У Рены, к которой мы отправились, Никки пытались убедить вымыться и поесть. Она не хотела ни того, ни другого. Даже не вымыла рук, как я просил. А ведь она целый день провела с мертвой, гладила ее лицо. Никки все это время молча просидела на стуле, ожидая, когда можно будет вернуться. Спустя час я позвонил узнать, как дела у бальзамировщика.

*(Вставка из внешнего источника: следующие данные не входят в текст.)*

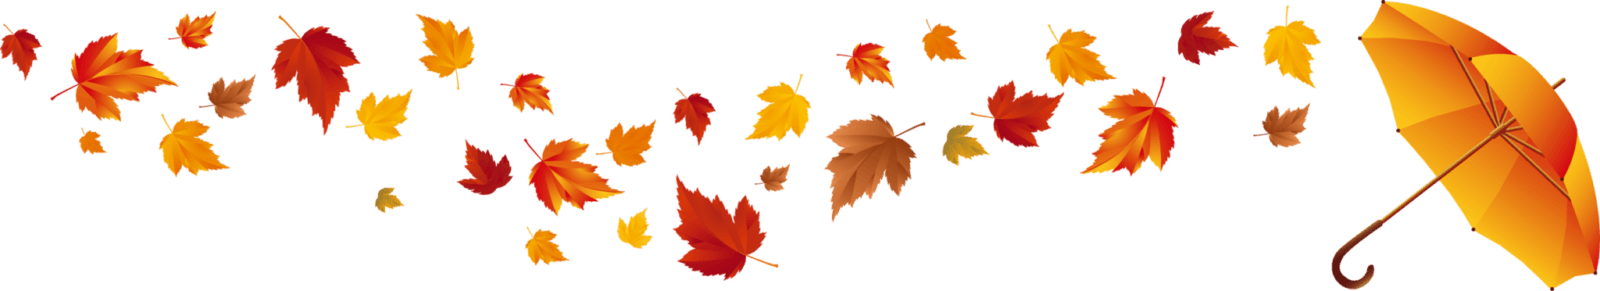 Осенний листопад цен Самогонщицы

«Я закончил, сэр», — сказал он. «Все как было?» — спросил я. «Да, сэр. Только у изголовья, на подушке, цветы». Их там не было, когда мы уходили. Должно быть, он положил цветы, которые Нед срезал утром. «Пришлось поправить челюсть, — сказал он мне. — Так лучше будет смотреться в гробу». — «Хорошо. Когда будете уходить, просто захлопните за собой входную дверь. Мы скоро придем. Вы не могли бы оставить лампу включенной?» — «Я оставил, сэр. Маленькую лампу у нее в головах». Хорошенький натюрморт он сотворил.
Первое, что я увидел…
Это именно Шаббату он хотел дать по голове. Ну конечно же! Это Шаббата он хотел застигнуть за осквернением могилы матери! Недели, а может, и месяцы во время ночных дежурств Мэтью, должно быть, наблюдал за ним из патрульной машины. С тех пор как раскрылась безобразная история с Кэти Гулзби, Мэтью, как и многие другие оскорбленные граждане, потерял к Шаббату всякое уважение и давал ему это понять — встретив, не показывал, что они знакомы. Обычно, объезжая вверенный ему участок, Мэтью любил посигналить тем, кого знал ребенком в Мадамаска-Фолс, и до сих пор был снисходителен к знакомым, когда они нарушали правила. Как-то он проявил снисходительность и к Шаббату. Мэтью тогда только что окончил академию, не набрался еще всяких профессиональных хитростей и работал в патрульной бригаде. Он некоторое время следовал за Шаббатом, который ехал с явным превышением скорости после веселого свидания в Гроте. Потом подал ему сигнал остановиться у обочины. Когда Мэтью через ветровое стекло увидел, кто водитель, он покраснел: «Оп-па!» Они с Розеанной подружились в последний год его учебы в школе, и не однажды (когда она пила, она все повторяла по несколько раз) она замечала, что Мэтью Балич — один из самых способных ее учеников в Камберленде. «Что я сделал не так, офицер Балич?» — поинтересовался Шаббат очень серьезно, как и полагается законопослушному гражданину. «Боже мой, сэр, да вы просто летели, а не ехали!» — «Ох!» — сокрушенно вздохнул Шаббат. «Ну ладно, не волнуйтесь, — сказал Мэтью. — Когда речь идет о моих знакомых, я перестаю быть таким уж свирепым копом. Никому не говорите, но не в моих правилах вести себя так с теми, кого я знаю. Я и сам превышал скорость, когда не был полицейским. Чего уж там». — «Это очень любезно с вашей стороны. Что я должен сделать?» — «Ну, во-первых, — ответил Мэтью, и широкая улыбка осветила его лицо с приплюснутым носом — такая же, какую Шаббат видел в тот день на лице у его матери, когда она кончила в третий или в четвертый раз… — во-первых, вы должны сбавить скорость. И вообще давайте-ка отсюда. Езжайте! До встречи, мистер Шаббат! Передавайте привет Розеанне!»